# Converting partial derivatives between coordinate frames

## Homework Statement

Given Cartesian coordinates x, y, and polar coordinates r, phi, such that
$$r=\sqrt{x^2+y^2}, \phi = atan(x/y)$$ or
$$x=r sin(\phi), y=r cos(\phi)$$
(yes, phi is defined differently then you're used to)
I need to find $$\frac{d\phi}{dr}$$ in terms of $$\frac{dy}{dx}$$

## Homework Equations

All given in part 1

## The Attempt at a Solution

I tried to compute $$\frac{d \phi}{d r}$$ directly and ended up with this:
$$\frac{d \phi}{d r} = \frac{d \phi}{d x} \frac{d x}{d r} + \frac{d \phi}{d y} \frac{d y}{d r} = \frac{y}{x^2+y^2} sin{\phi} - \frac{x}{x^2+y^2} cos{\phi}\\ = \frac{y}{x^2+y^2} \frac{x}{\sqrt{x^2+y^2}} - \frac{x}{x^2+y^2} \frac{y}{\sqrt{x^2+y^2}}\\ = 0$$

phi and r are independent, it's not surprising that you get 0.

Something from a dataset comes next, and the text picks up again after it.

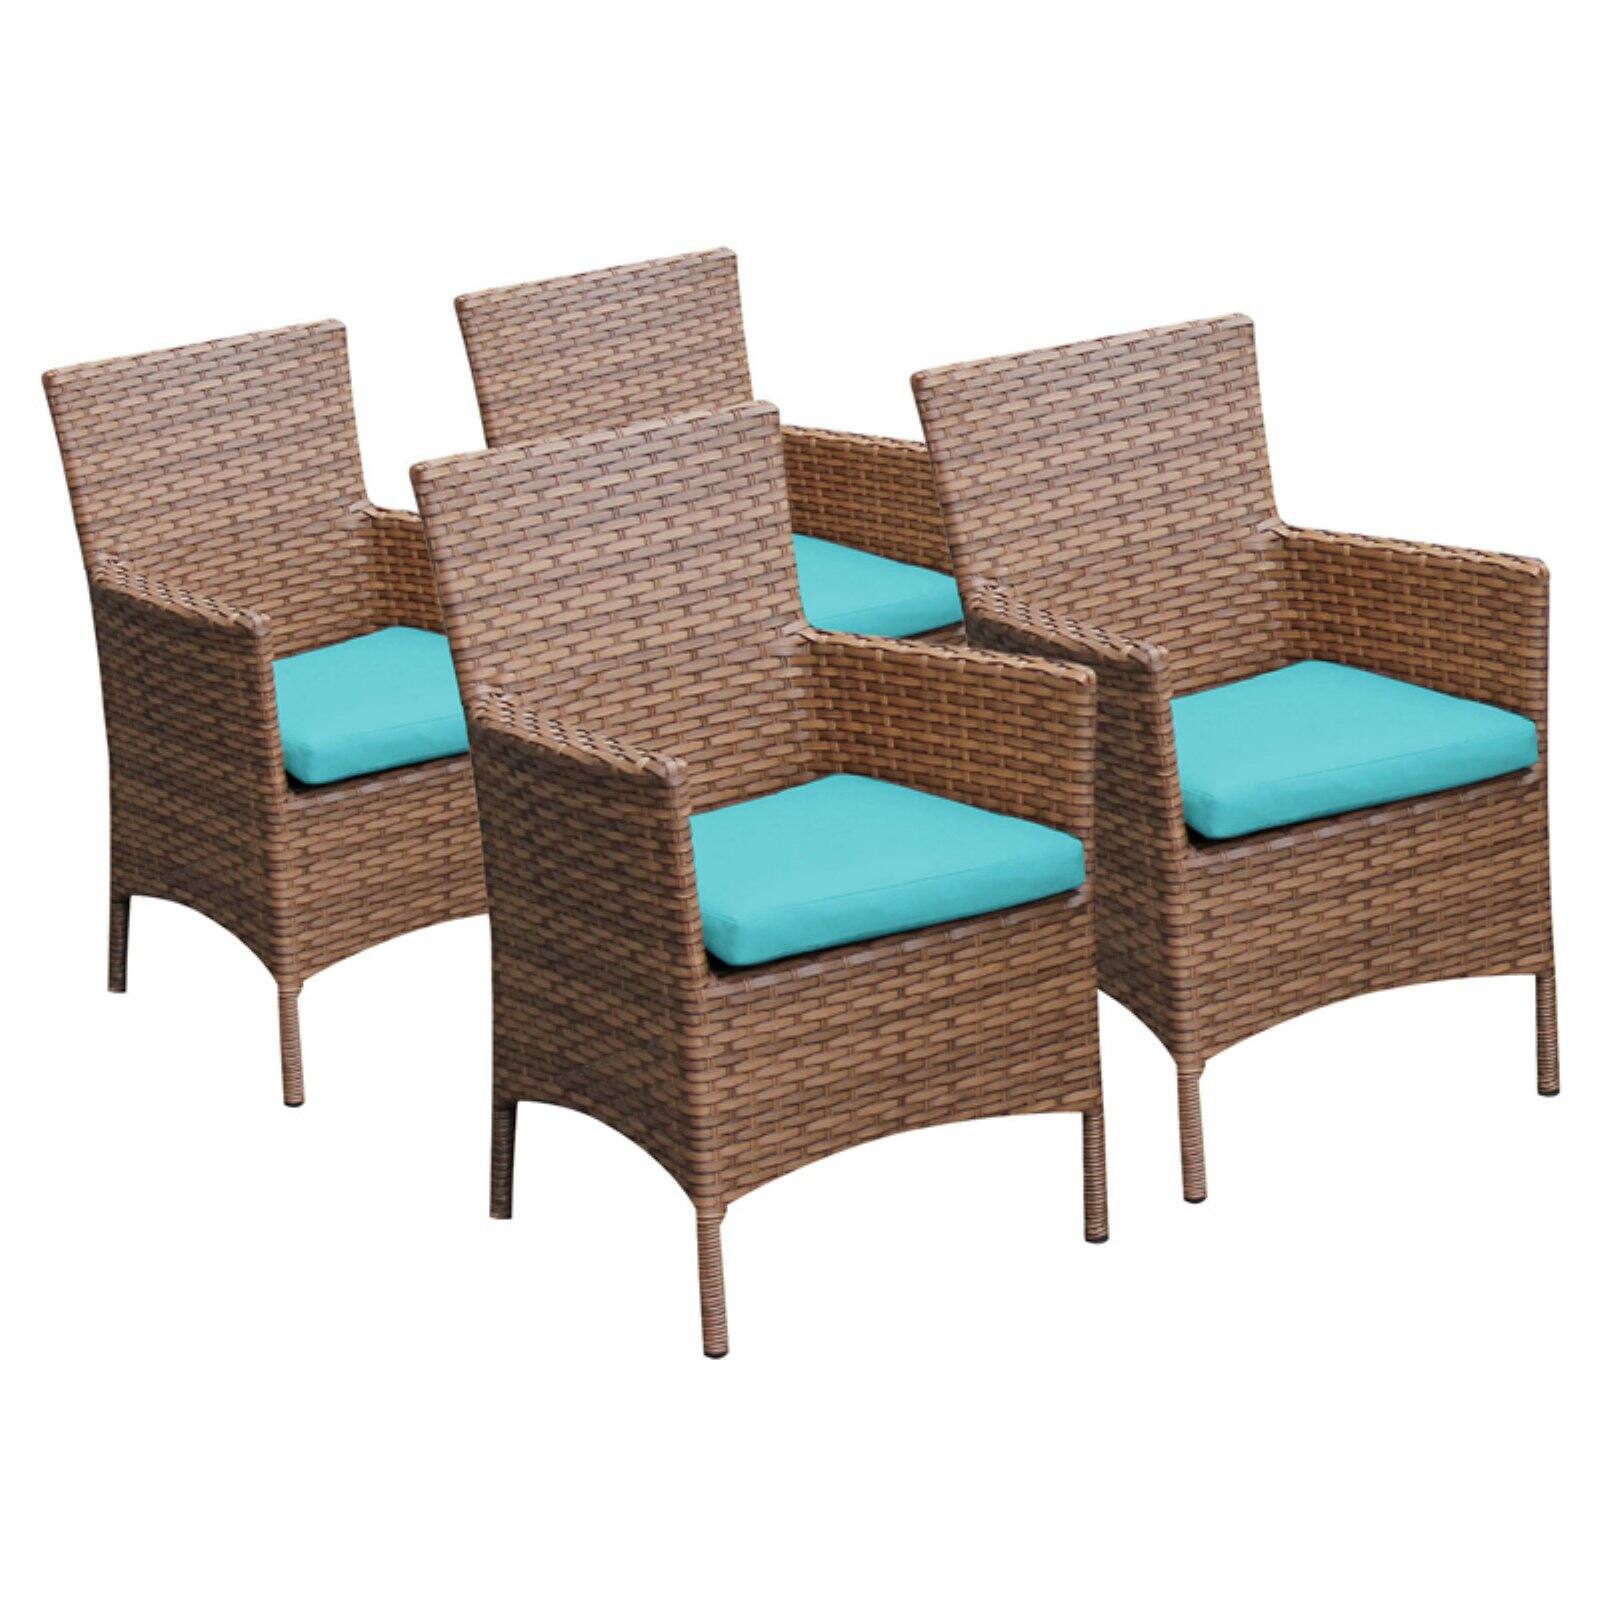 TK Classics Laguna Outdoor Dining Chairs - Set of 4 with 8 Cushion Covers - image 2 of 2

Sorry, I should clarify. We assume a function $$\phi (r)$$ exists, but we're not given its definition.

Then
$$\phi(r) = atan(x/y)$$

So what should I do? I don't even have a guarantee that there is a general solution, so this could be a wild goose chase.

Could you post the whole question, I'm not really sure about what you want.

This isn't a homework question out of a textbook. But here's what I'm looking for:
Given variables phi, r, x, y such that
x = r sin(phi), y = r cos(phi)
and a function phi(r)
I need to find dphi/dr in terms of x, y, and dy/dx.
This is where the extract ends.